> Your goal
Print the listing below exactly, minus its pictures.

___ Information provided

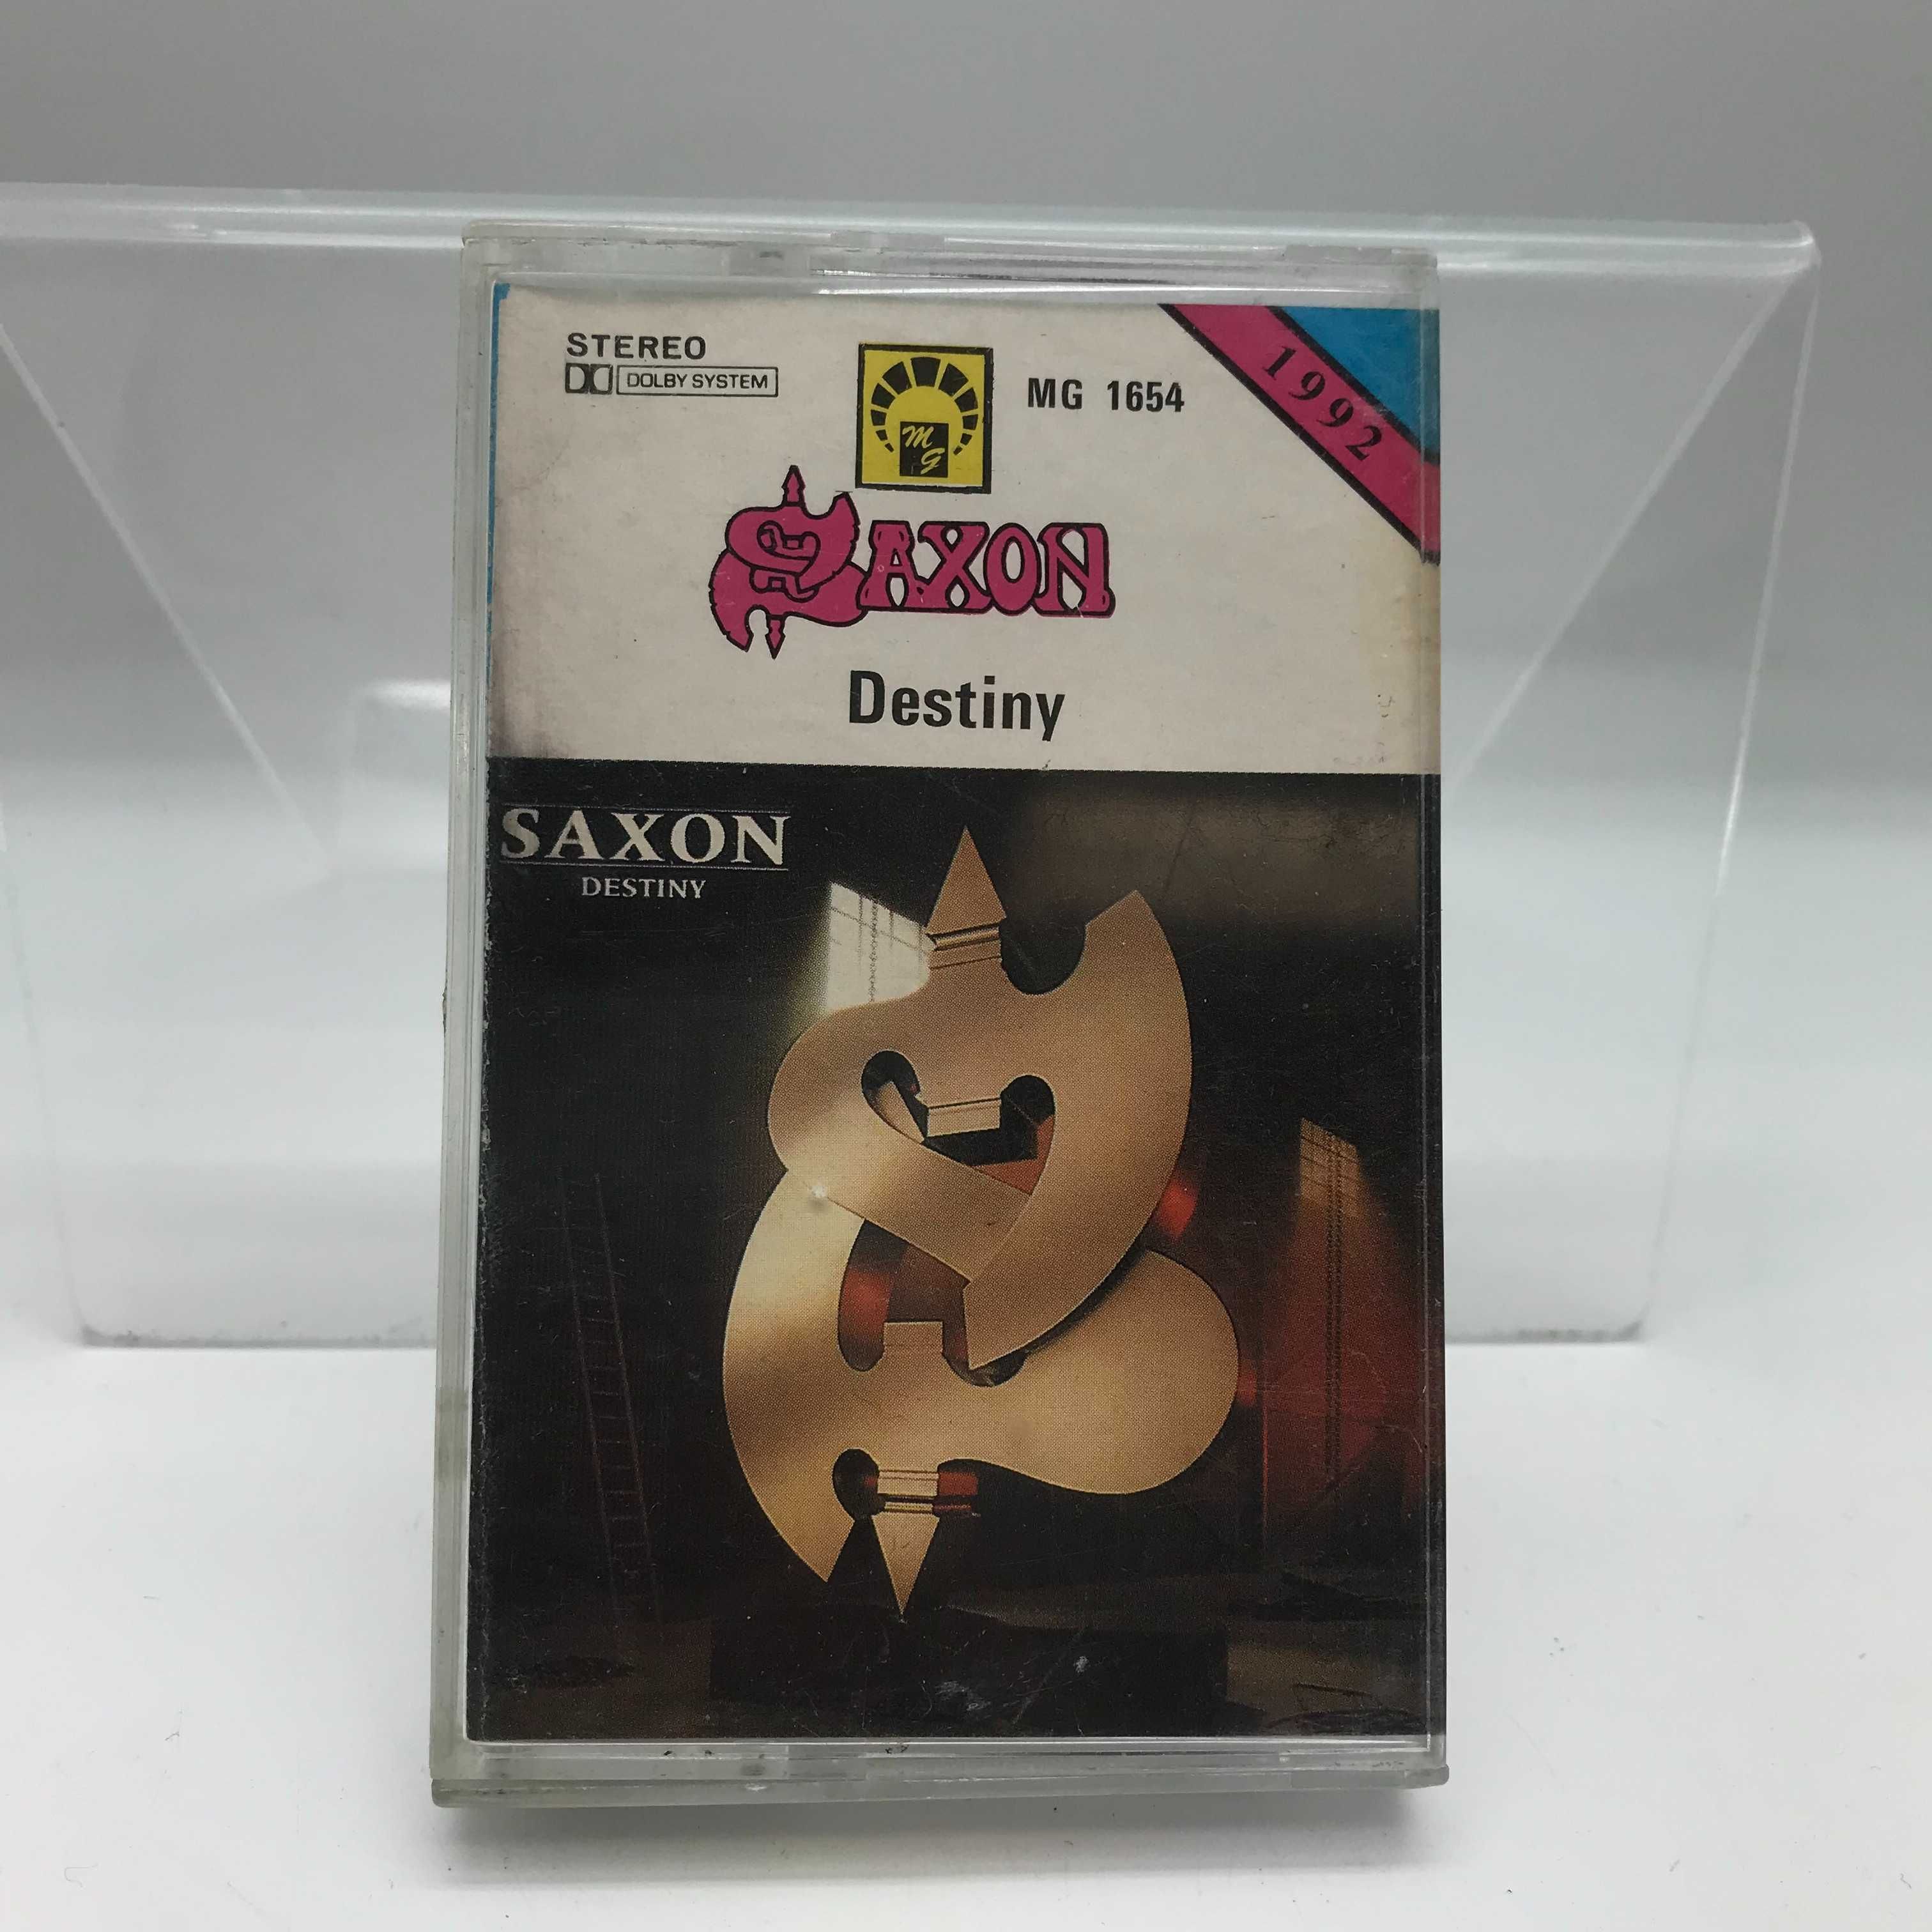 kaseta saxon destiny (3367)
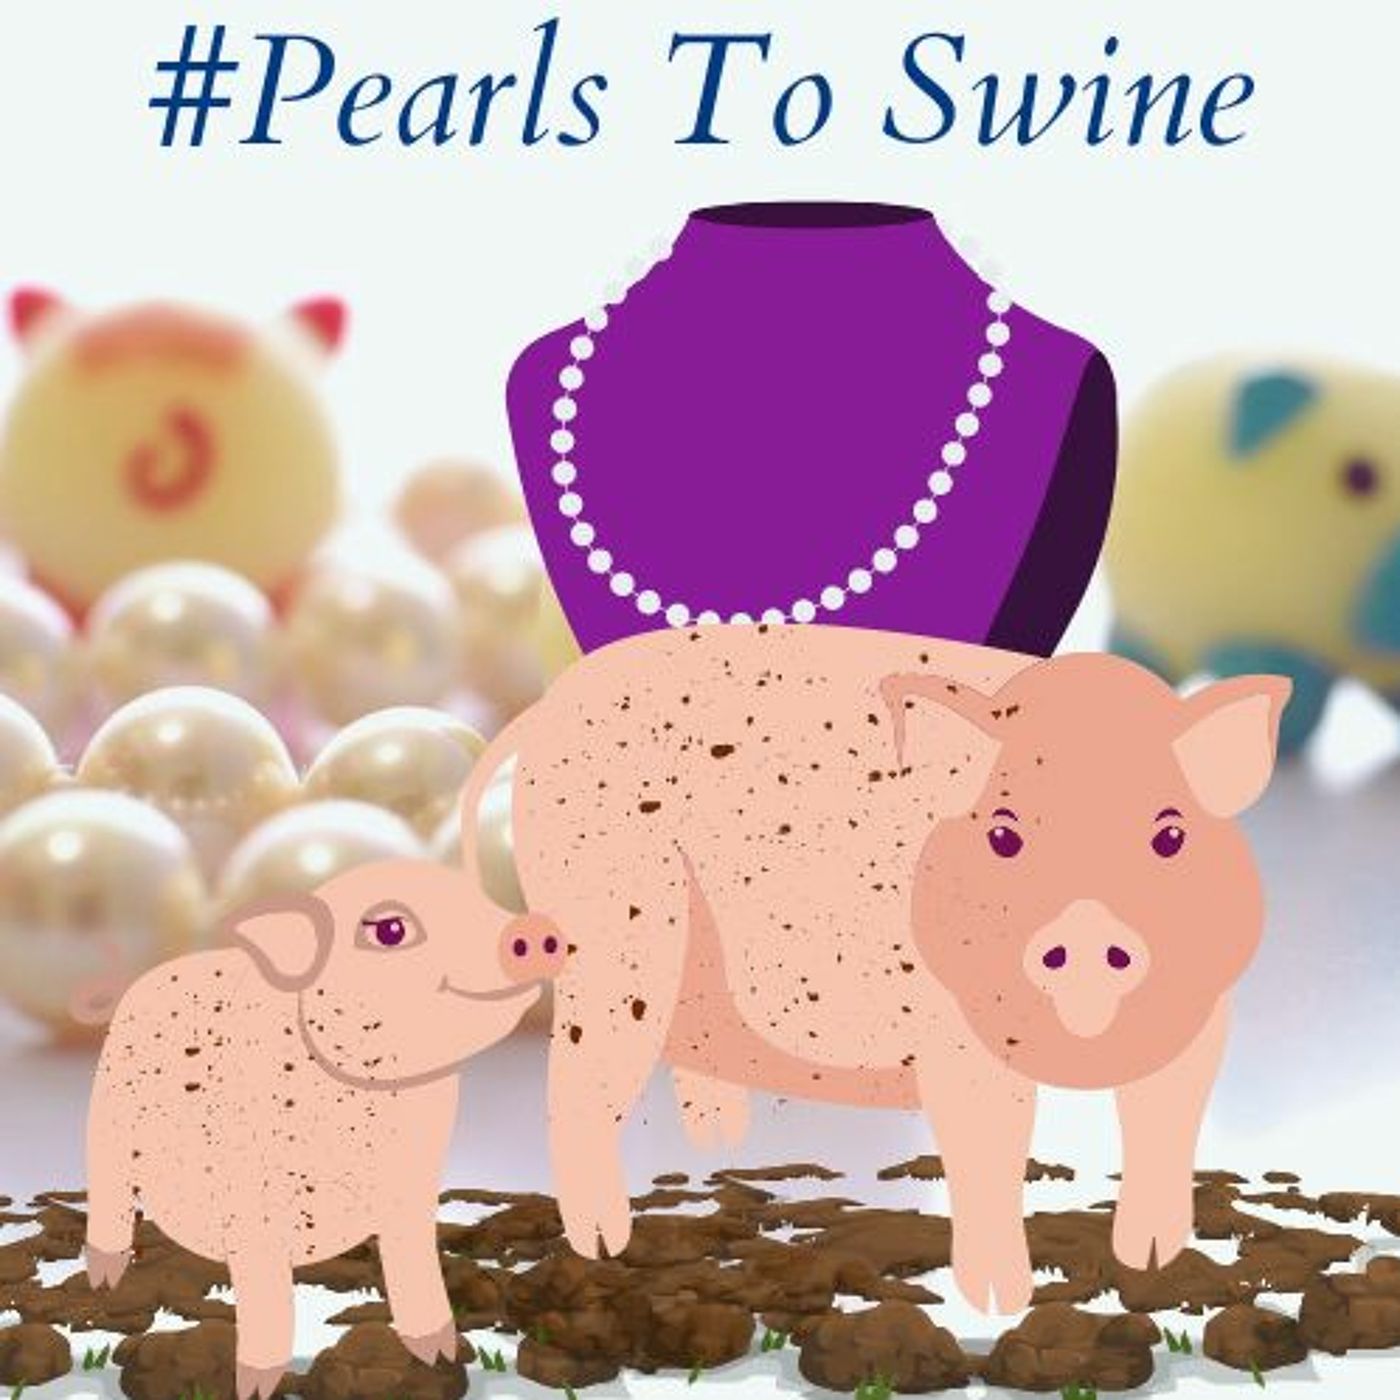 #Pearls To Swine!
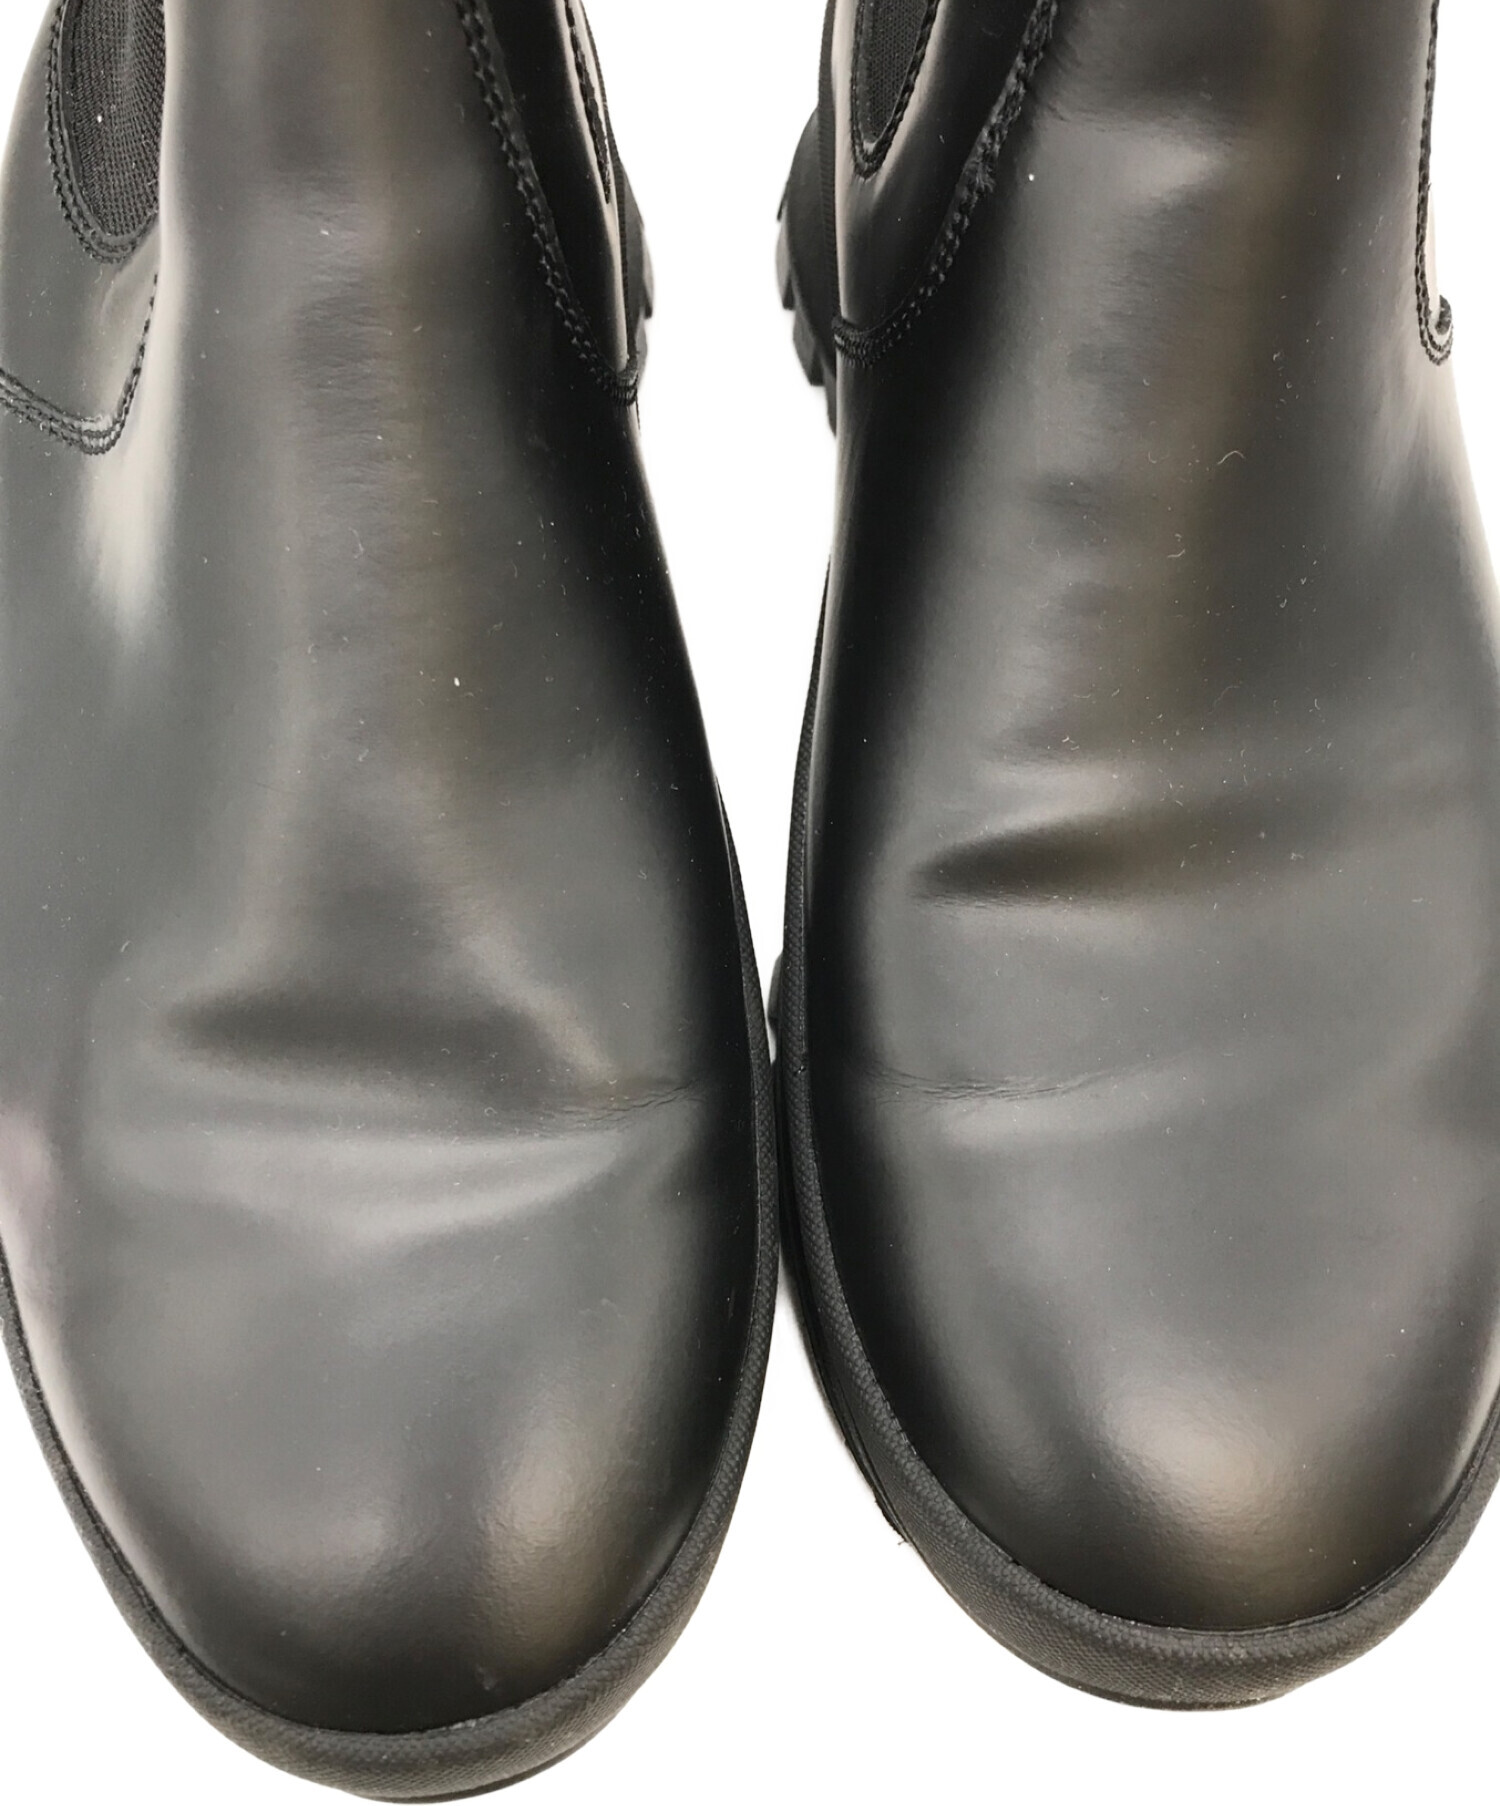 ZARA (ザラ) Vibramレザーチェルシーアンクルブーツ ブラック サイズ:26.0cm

______

> Exercise answer
 kaseta saxon destiny (3367)
 #Pearls To Swine!
 ZARA (ザラ) Vibramレザーチェルシーアンクルブーツ ブラック サイズ:26.0cm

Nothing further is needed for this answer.